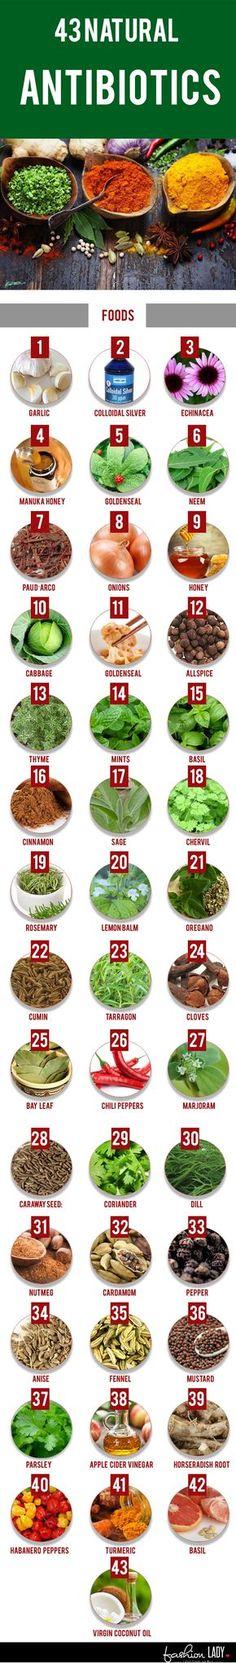 43 Natural Antibiotics
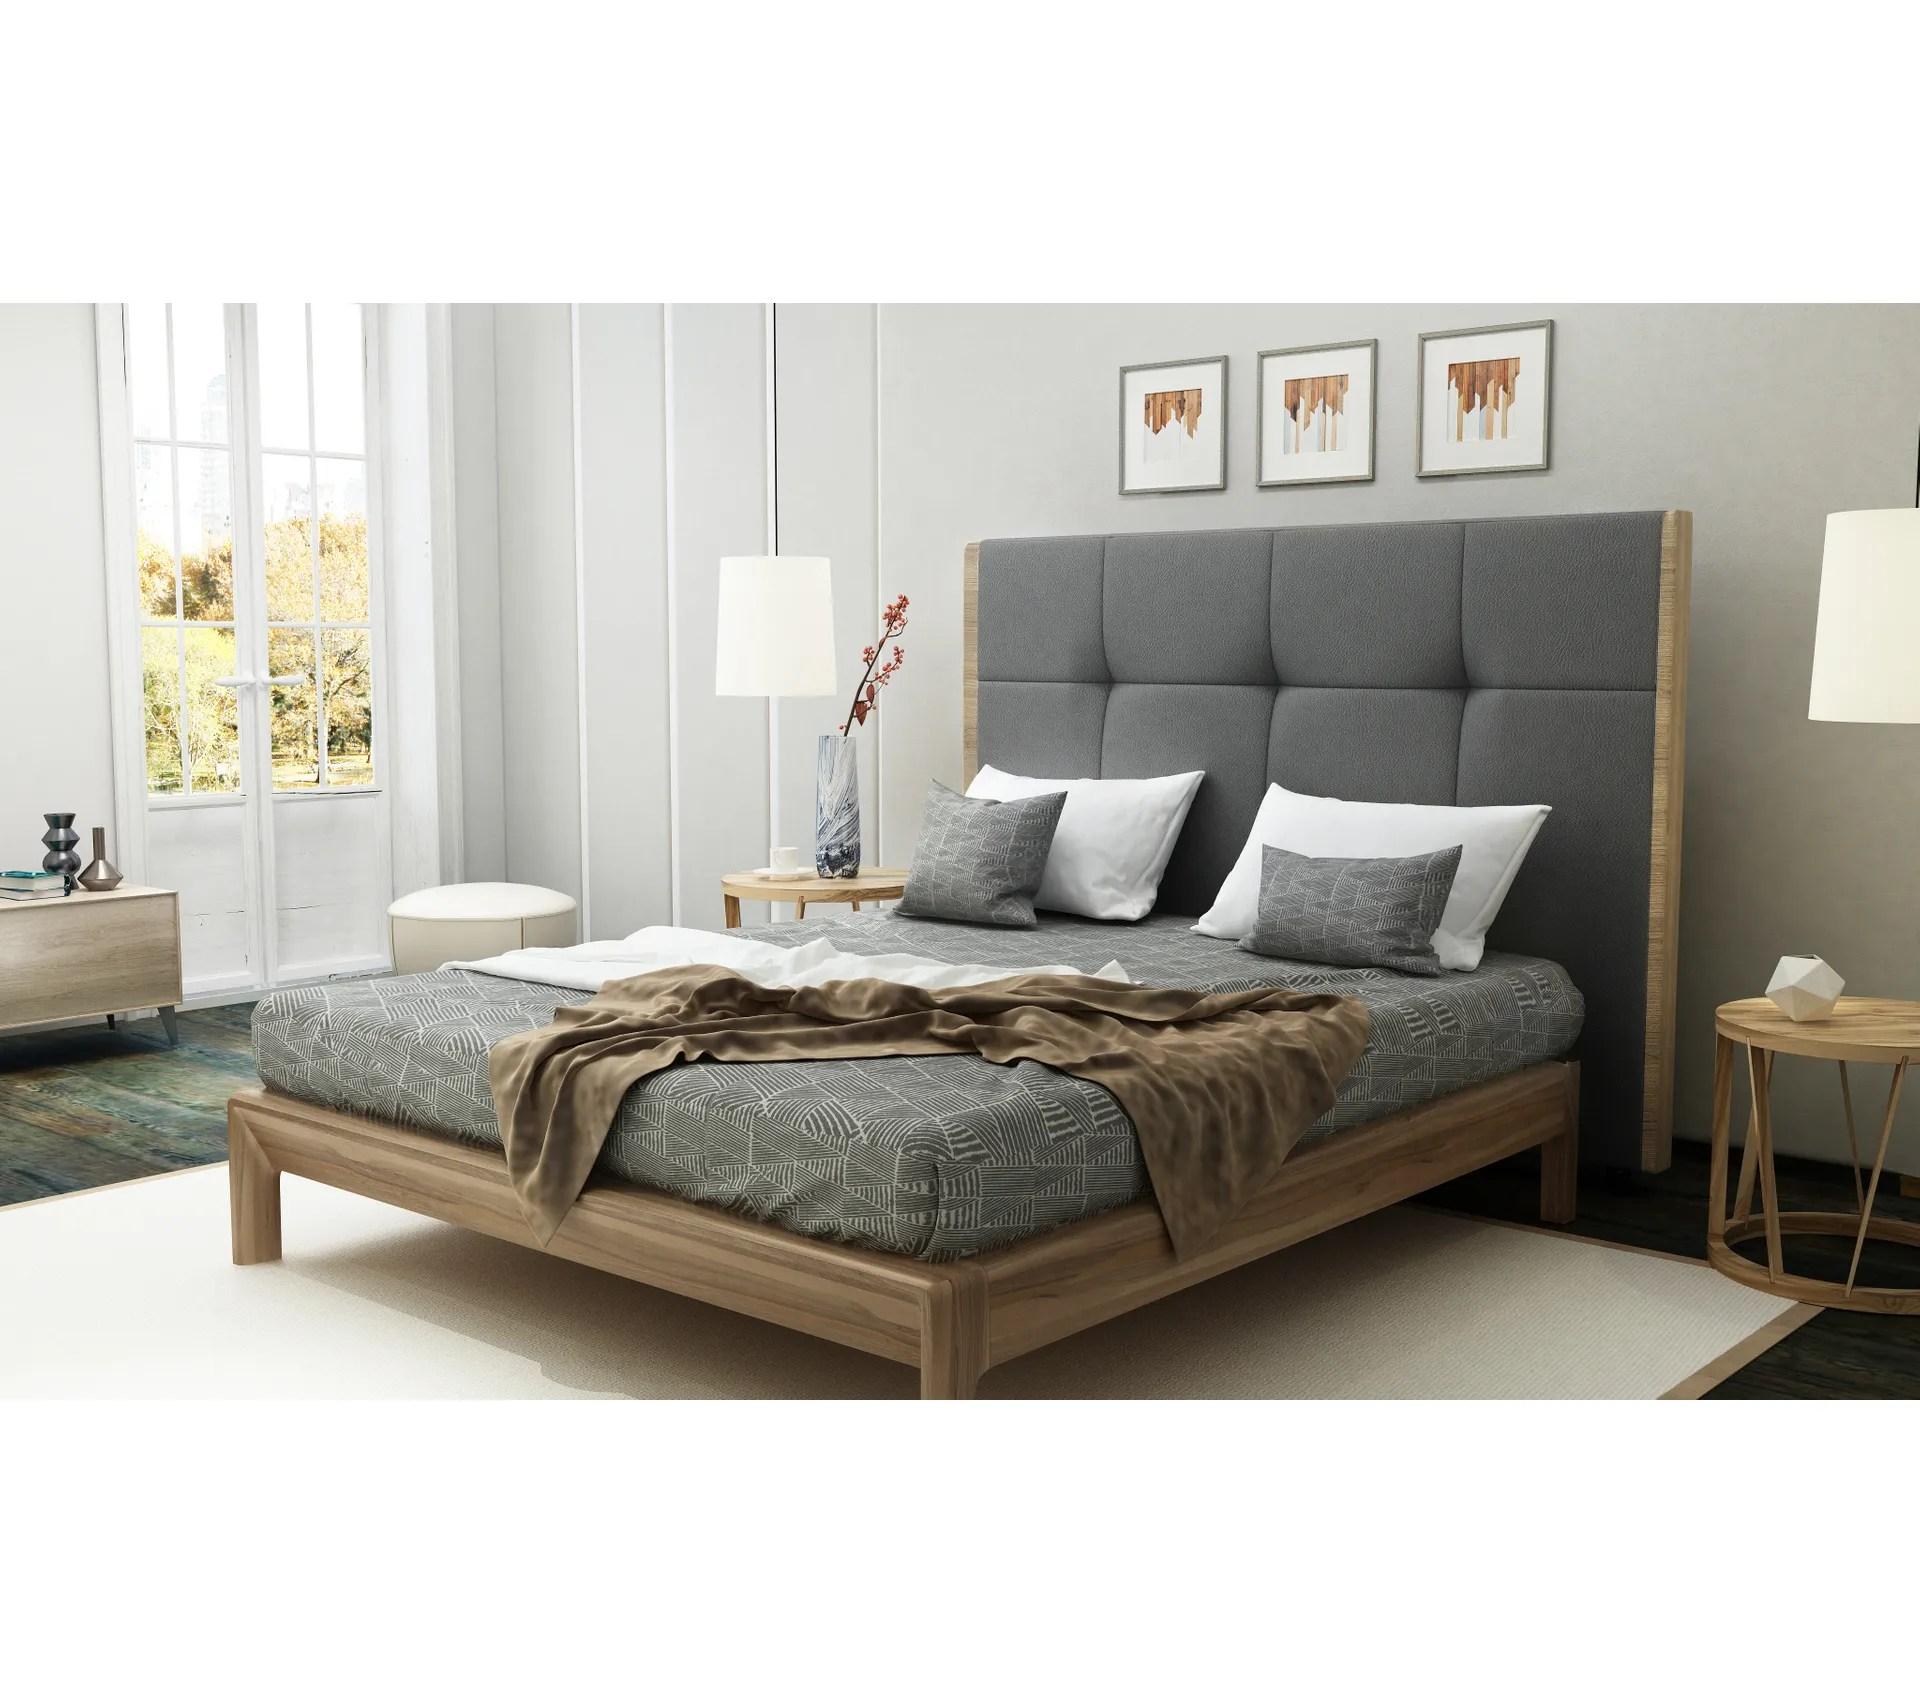 tete de lit l 160 cm cloe pu gris et imitation bois
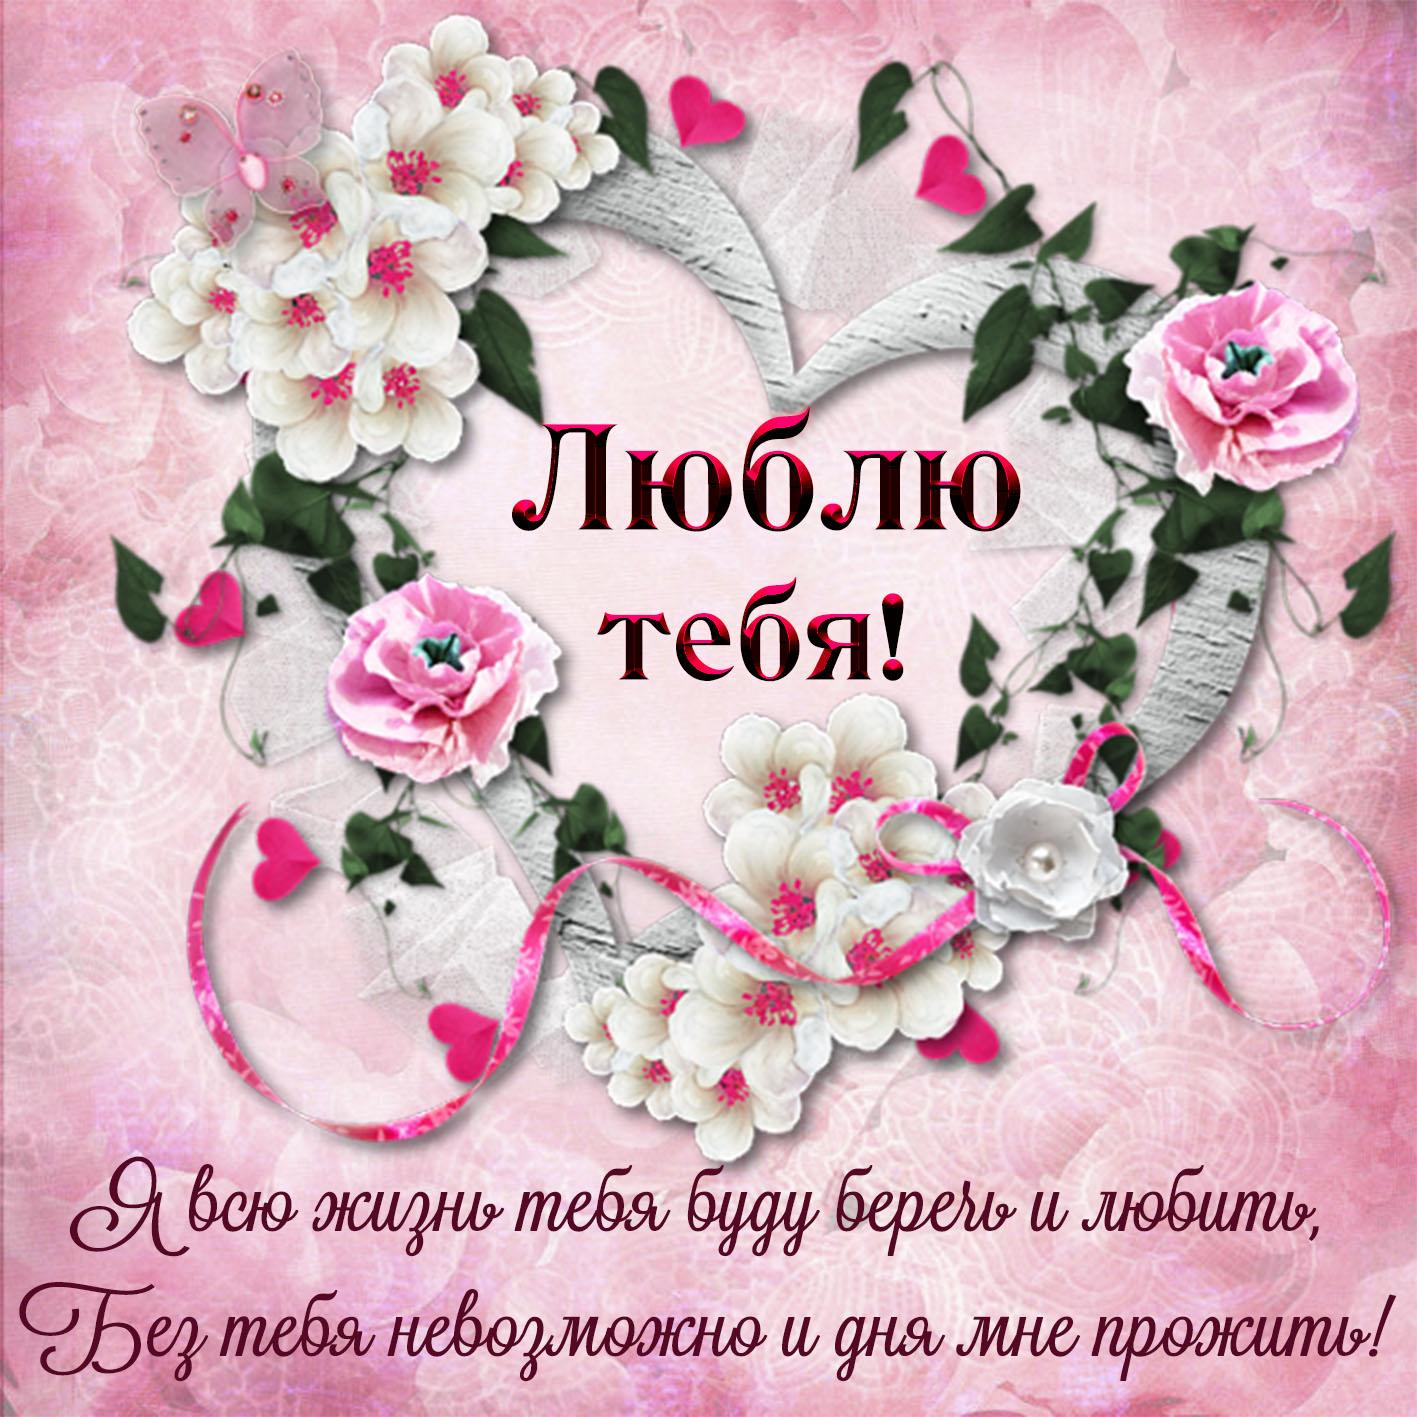 Картинка люблю тебя с сердечком из цветов

> [Exercise directions] Output the data above exactly, excluding images.

> [Result]
 43 Natural Antibiotics
 tete de lit l 160 cm cloe pu gris et imitation bois
 Картинка люблю тебя с сердечком из цветов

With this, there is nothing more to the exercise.